Lo straordinario viaggio di T.S. Spivet: La spiegazione del finale
Lo straordinario viaggio di T.S. Spivet porta il protagonista alla ricerca di un modo per comunicare la sua necessità di riappropriarsi dell'infanzia.
Stasera sui Rai 3 alle 21:15 va in onda Lo straordinario viaggio di T.S. Spivet, film del 2013 scritto e diretto da Jean-Pierre Jeunet, tratto dal romanzo di Reif Larsen, Le mappe dei miei sogni. Nella pellicola Kyle Catlett interpreta il giovane protagonista, affiancato da Niahm Wilson, Helena Bonham Carter, Robert Maillet, Judy Davis e altri ancora.
Leggi anche: Lo straordinario viaggio di T.S. Spivet: recensione
Lo straordinario viaggio di T.S. Spivet: un talento incredibile soffocato da un grave lutto
Ne Lo straordinario viaggio di T.S. Spivet il protagonista è un bambino prodigio. T. S. Spivet, che abita in una casa in campagna nel Montana insieme ai genitori e alla sorella, è dotato di un’estrema intelligenza per un bambino della sua età, grazie alla quale riesce a ideare una macchina del moto perpetuo. Questa sua invenzione lo porta a vincere un premio in un prestigioso istituto di Washington, dove viene invitato a ritirarlo. Ma nessuno sa che, in realtà, si tratta di un ragazzino di appena 10 anni! Egli si imbarca da solo in questo viaggio in un momento molto difficile: nel pieno del lutto per la perdita del suo gemello Leyton. La situazione si era creata mentre i due stavano giocando con un fucile. Era l’unico modo in cui T.S. riusciva a passare tempo con il fratello, di indole estremamente diversa: quest’ultimo si divertiva a sparare, mentre il fratello si divertiva a calcolare la traiettoria dei proiettili. A causa di un malfunzionamento dell’arma, accadde un tragico incidente e il piccolo venne colpito mortalmente.

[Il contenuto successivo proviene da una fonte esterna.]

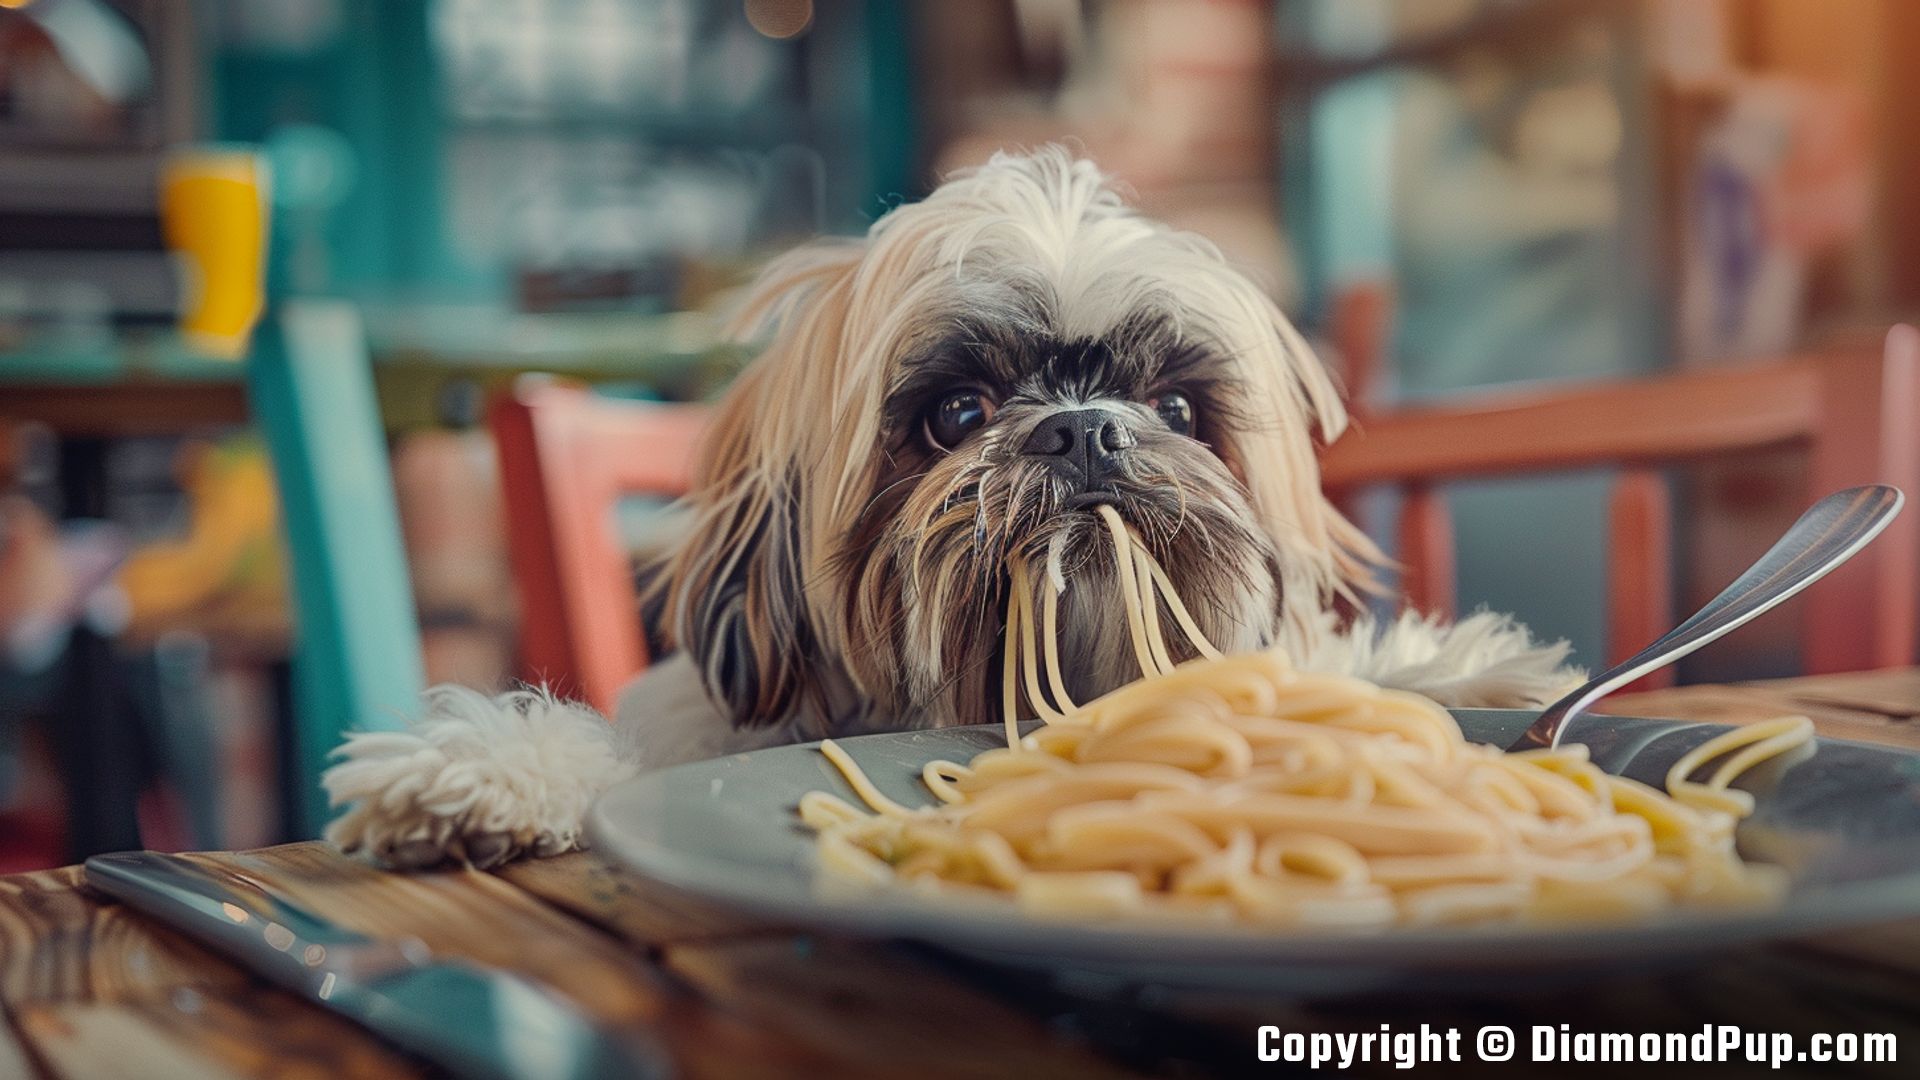 Photograph of an Adorable Shih Tzu Eating Pasta

Lo straordinario viaggio di T.S. Spivet: il discorso a Washington come segnale d’allarme
Leyton risponde alle aspettative che chiunque avrebbe per un bambino di quell’età, mentre la personalità di T.S. le scardina una per una, spiazzando gli adulti, incapaci di fare i conti con il suo modo di essere. C’è un’incomunicabilità di fondo tra il giovane, che si sente un pesce fuor d’acqua proprio perché non risponde al modello dell’infanzia costituito dal fratello ormai scomparso, e la sua famiglia, almeno apparentemente incapace di comprendere, incoraggiare e valorizzare il suo talento. Ma non sono solo le potenzialità del protagonista ad essere soffocate in quella casetta nel Montana, ma anche la necessità di affrontare il grave lutto e il senso di responsabilità dato dalla dipartita di Leyton, di cui non si è più parlato dopo l’accaduto.

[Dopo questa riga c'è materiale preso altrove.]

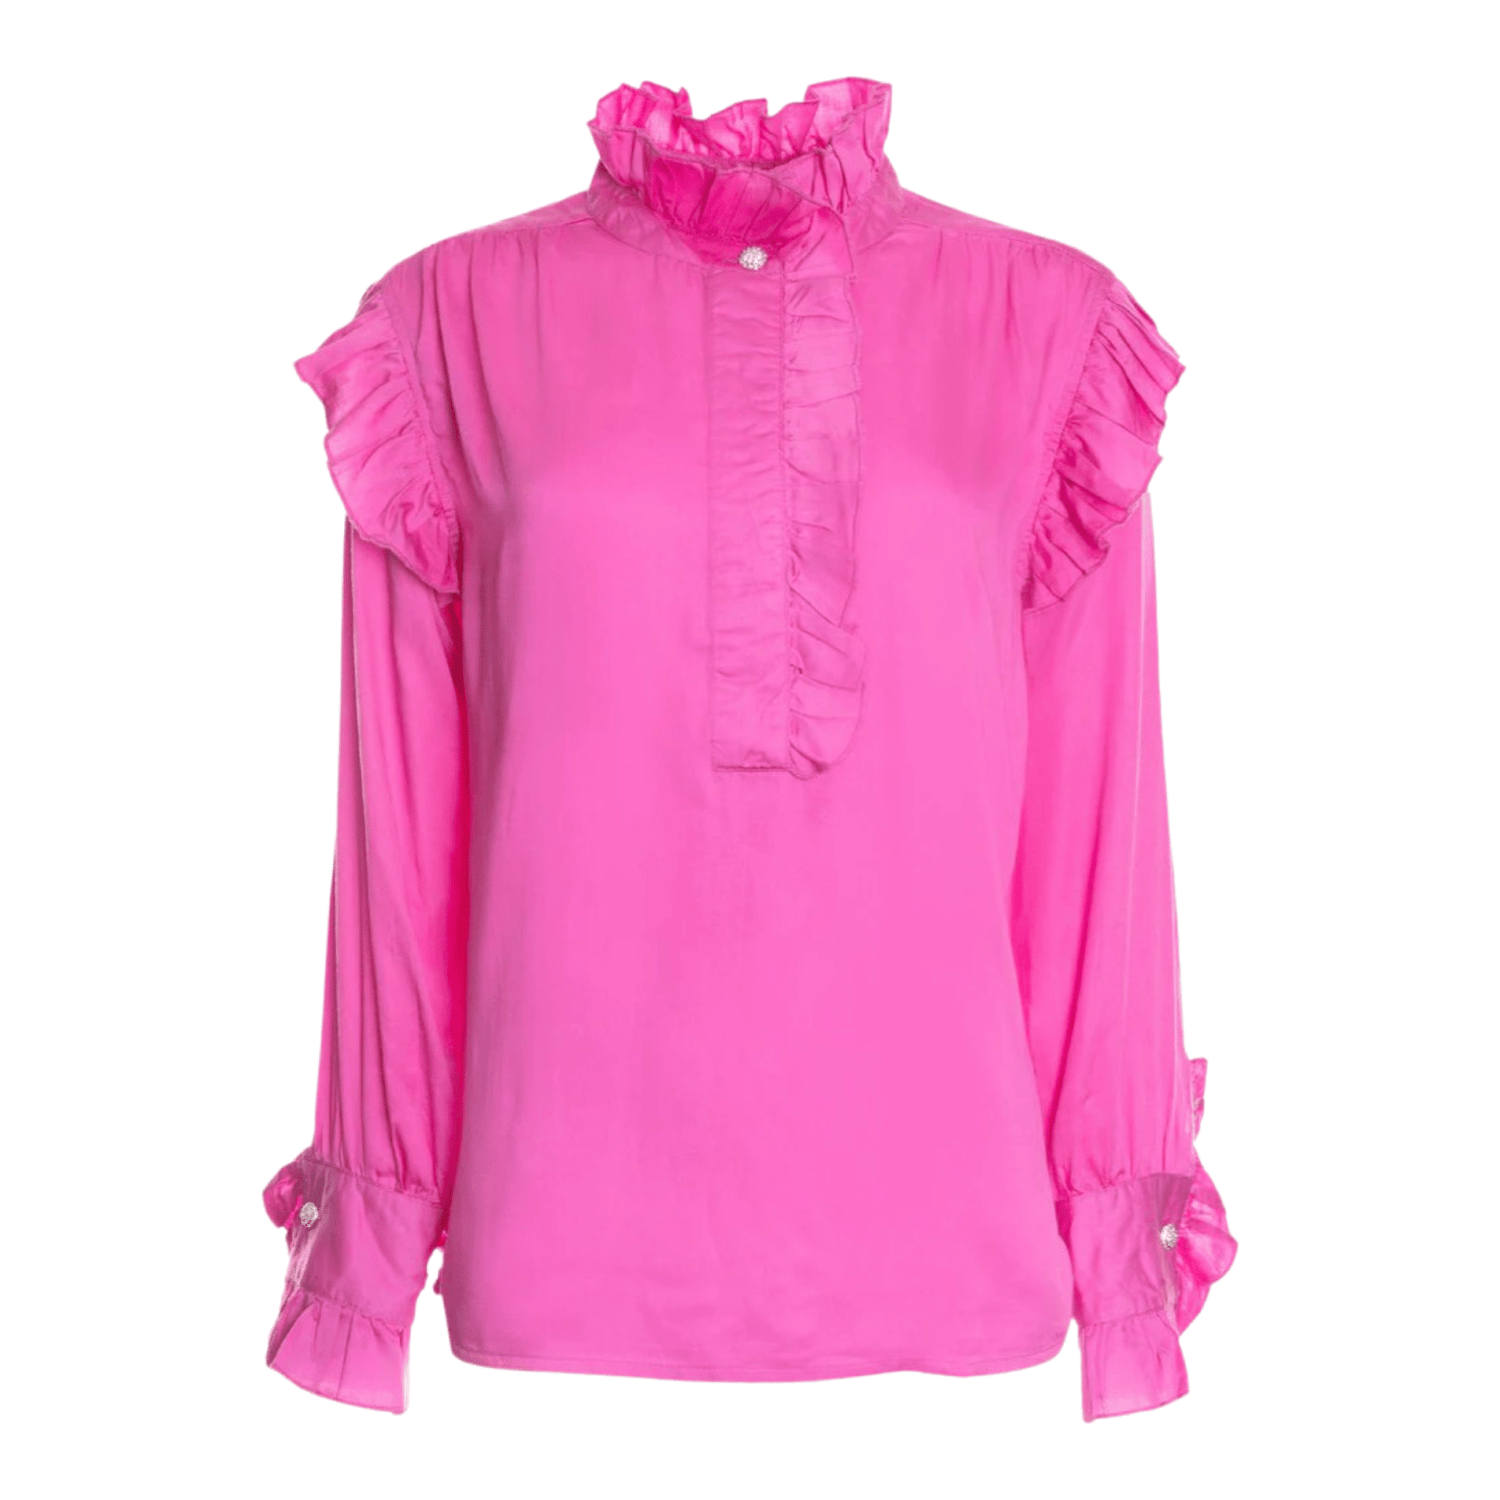 Achha - Jannie Shirt - pink - Merle og Wilde

Lo straordinario viaggio di T.S. Spivet a Washington per ritirare il premio sancisce quindi una doppia liberazione per il piccolo protagonista: riesce a dar sfogo a ciò per cui è tanto dotato, grazie alla sua invenzione, e a parlare, finalmente, della morte di suo fratello. Di qui il discorso che sentiamo allo Smithsonian Institute, in cui egli accosta insieme la sua invenzione al racconto di quella drammatica vicenda. Due cose che potrebbero sembrare scollegate tra di loro, ma che in realtà fanno parte dello stesso grido d’allarme di un bambino che ha bisogno di essere ascoltato, ma che nessun adulto sembra riuscire a comprendere davvero.
Lo straordinario viaggio di T.S. Spivet porta il protagonista a recuperare l’infanzia perduta
A far da ponte tra T.S. Spivet e il mondo degli adulti, di cui il bambino ha un ovvio bisogno in quanto tale, è ovviamente la madre interpretata da Helena Bonham Carter. È lei la prima a cercare un punto di contatto con il figlio e lei ad accorrere a Washington in suo aiuto su due fronti diversi: difenderlo da donne e uomini d’affari che vogliono servirsi di lui senza il minimo interesse umano per una persona così giovane e aiutarlo a superare il grave senso di responsabilità che prova per la morte di Leyton.
Attraverso questi due step, la famiglia di T.S. accorre nel finale per aiutarlo a recuperare l’infanzia perduta, il proprio “albero di pino” in cui poter crescere ed essere valorizzato per quello che è, libero da sensi di colpa e responsabilità troppo grandi per un bambino della sua età.